Because of their large size and mild-tasting flesh, turkeys have long been hunted by humans as food and for sport. Until recently, wild common turkeys were badly overhunted in North America. This caused the wild populations of turkeys to decline over large areas, a resource collapse that was especially intense during the nineteenth century. Turkey populations were also badly damaged wherever there were extensive conversions of their forest habitat into agriculture, a change that has occurred over widespread regions.



Today, common turkeys do not occupy much of their former range, and they generally occur as isolated populations in fragmented habitats. However, turkeys have been re-introduced to many areas from which they were eliminated, and also to some regions to which they were not native. These introductions, coupled with controls over hunting pressures, have allowed substantial increases in the populations of wild turkeys over much of their North American range.

It is not known when the common turkey was first domesticated, but this had already been accomplished by indigenous peoples of Mexico long before the Spanish conquest. The first turkeys viewed by Europeans were apparently those domestic birds, some of which were taken to Europe for display and cultivation as a novel and tasty food from the New World. The turkeys that are raised intensively today are derived from Mexican wild turkeys. Most domestic turkeys are white, although some varieties are black. Domestic turkeys have been artificially selected to have large amounts of meat, especially on the breast.

If the turkey came from the Americas, how did this bird receive its common name, which implies a Turkish origin?
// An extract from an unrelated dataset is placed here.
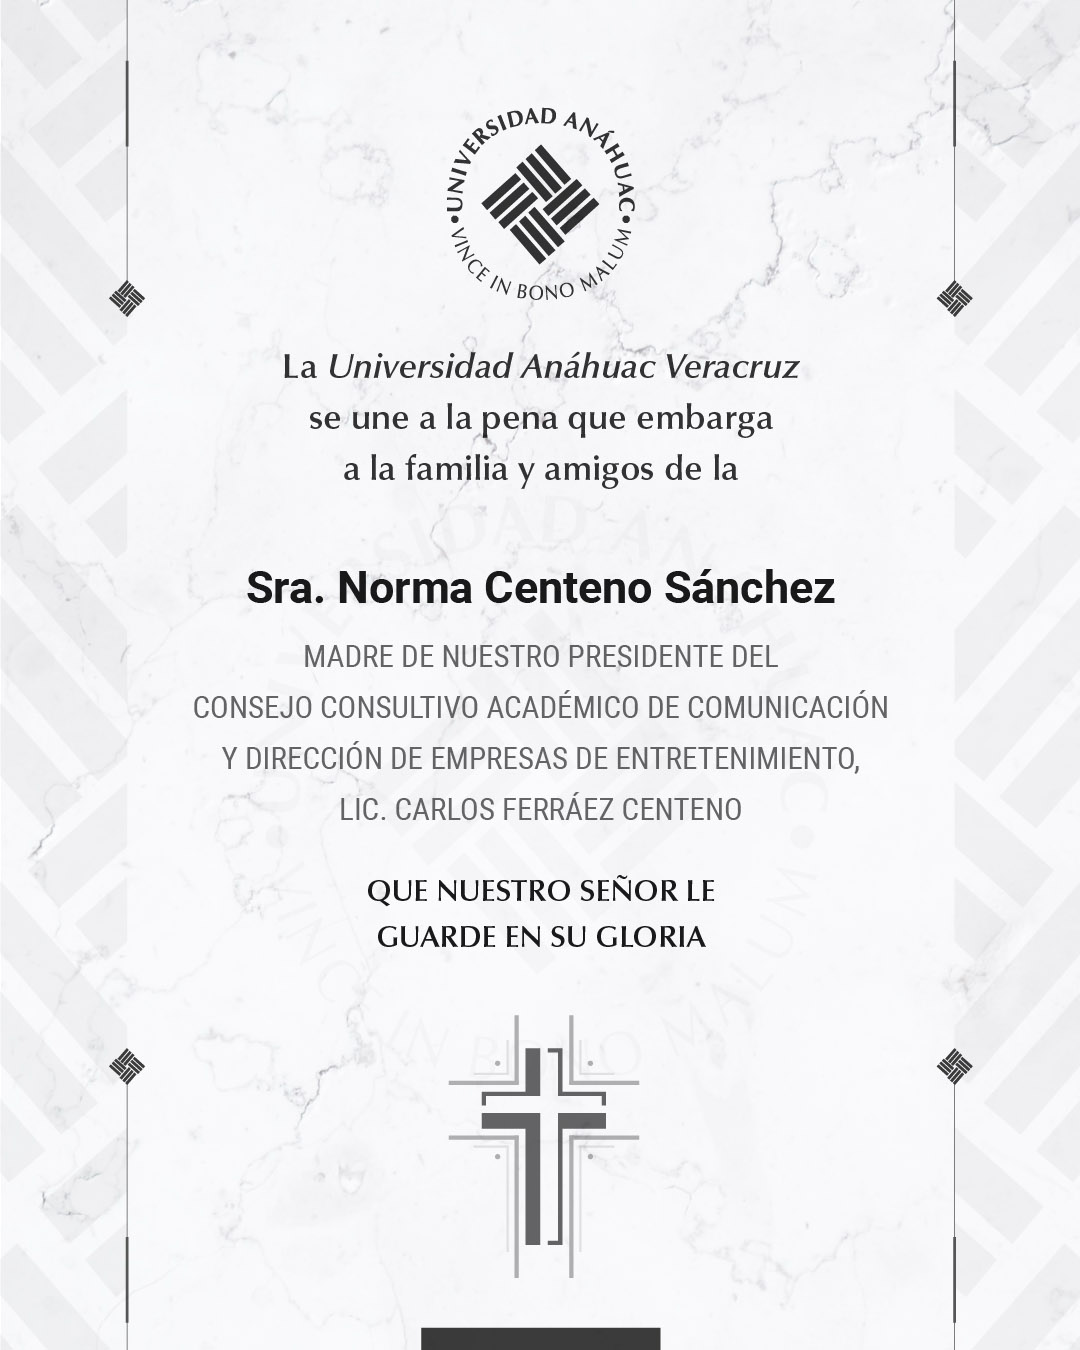 11 / 18 - Sra. Norma Centeno Sánchez

During the sixteenth century, when the domestic turkey was first introduced to England, the bird was thought to resemble the helmeted guinea fowl (Numida meleagris). This species had been kept domestically since the fourth century B.C., but had disappeared from Europe after the collapse of the Roman Empire. During the fifteenth and sixteenth centuries, Portuguese traders re-introduced domestic guinea fowl to Europe, using birds that had been obtained in the region of Turkey. The common name in England of these re-introduced guinea fowl was "turkey," and this name was transferred to the superficially similar domestic turkey of the Americas when it was introduced somewhat later on.